# Supplied material:
──────────

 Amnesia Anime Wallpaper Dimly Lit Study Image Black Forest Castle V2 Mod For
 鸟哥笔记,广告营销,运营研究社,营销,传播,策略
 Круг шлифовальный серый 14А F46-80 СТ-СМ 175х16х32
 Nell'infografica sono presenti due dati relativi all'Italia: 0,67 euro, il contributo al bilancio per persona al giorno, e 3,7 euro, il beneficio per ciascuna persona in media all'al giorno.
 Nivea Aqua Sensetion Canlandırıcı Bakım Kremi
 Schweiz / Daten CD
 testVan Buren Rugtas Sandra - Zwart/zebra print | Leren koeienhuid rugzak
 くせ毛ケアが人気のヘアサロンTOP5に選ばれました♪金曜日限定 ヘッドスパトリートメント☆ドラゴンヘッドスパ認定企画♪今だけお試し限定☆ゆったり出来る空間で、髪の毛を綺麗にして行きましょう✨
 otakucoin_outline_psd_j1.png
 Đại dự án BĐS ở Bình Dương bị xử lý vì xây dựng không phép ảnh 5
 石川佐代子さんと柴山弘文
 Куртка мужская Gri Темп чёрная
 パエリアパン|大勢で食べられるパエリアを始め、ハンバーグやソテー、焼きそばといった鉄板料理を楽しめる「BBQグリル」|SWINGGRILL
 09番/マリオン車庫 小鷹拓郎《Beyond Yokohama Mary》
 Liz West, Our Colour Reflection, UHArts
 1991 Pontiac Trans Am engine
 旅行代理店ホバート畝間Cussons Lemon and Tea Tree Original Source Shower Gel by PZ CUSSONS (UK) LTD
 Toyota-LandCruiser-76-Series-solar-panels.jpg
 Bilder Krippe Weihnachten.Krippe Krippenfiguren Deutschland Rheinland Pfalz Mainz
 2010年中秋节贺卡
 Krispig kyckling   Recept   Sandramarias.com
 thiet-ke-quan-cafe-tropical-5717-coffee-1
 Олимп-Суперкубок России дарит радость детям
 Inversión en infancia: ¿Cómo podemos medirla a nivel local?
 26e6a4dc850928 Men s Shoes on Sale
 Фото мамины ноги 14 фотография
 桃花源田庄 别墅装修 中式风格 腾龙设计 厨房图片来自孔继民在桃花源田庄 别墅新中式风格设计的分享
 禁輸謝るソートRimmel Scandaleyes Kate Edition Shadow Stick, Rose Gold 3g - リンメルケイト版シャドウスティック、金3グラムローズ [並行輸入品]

──────────

# What you are asked to do:
Starting from the line holding "Schweiz / Daten CD", restate the remaining lines of the data word for word, including the last.

# Task response:
 Schweiz / Daten CD
 testVan Buren Rugtas Sandra - Zwart/zebra print | Leren koeienhuid rugzak
 くせ毛ケアが人気のヘアサロンTOP5に選ばれました♪金曜日限定 ヘッドスパトリートメント☆ドラゴンヘッドスパ認定企画♪今だけお試し限定☆ゆったり出来る空間で、髪の毛を綺麗にして行きましょう✨
 otakucoin_outline_psd_j1.png
 Đại dự án BĐS ở Bình Dương bị xử lý vì xây dựng không phép ảnh 5
 石川佐代子さんと柴山弘文
 Куртка мужская Gri Темп чёрная
 パエリアパン|大勢で食べられるパエリアを始め、ハンバーグやソテー、焼きそばといった鉄板料理を楽しめる「BBQグリル」|SWINGGRILL
 09番/マリオン車庫 小鷹拓郎《Beyond Yokohama Mary》
 Liz West, Our Colour Reflection, UHArts
 1991 Pontiac Trans Am engine
 旅行代理店ホバート畝間Cussons Lemon and Tea Tree Original Source Shower Gel by PZ CUSSONS (UK) LTD
 Toyota-LandCruiser-76-Series-solar-panels.jpg
 Bilder Krippe Weihnachten.Krippe Krippenfiguren Deutschland Rheinland Pfalz Mainz
 2010年中秋节贺卡
 Krispig kyckling   Recept   Sandramarias.com
 thiet-ke-quan-cafe-tropical-5717-coffee-1
 Олимп-Суперкубок России дарит радость детям
 Inversión en infancia: ¿Cómo podemos medirla a nivel local?
 26e6a4dc850928 Men s Shoes on Sale
 Фото мамины ноги 14 фотография
 桃花源田庄 别墅装修 中式风格 腾龙设计 厨房图片来自孔继民在桃花源田庄 别墅新中式风格设计的分享
 禁輸謝るソートRimmel Scandaleyes Kate Edition Shadow Stick, Rose Gold 3g - リンメルケイト版シャドウスティック、金3グラムローズ [並行輸入品]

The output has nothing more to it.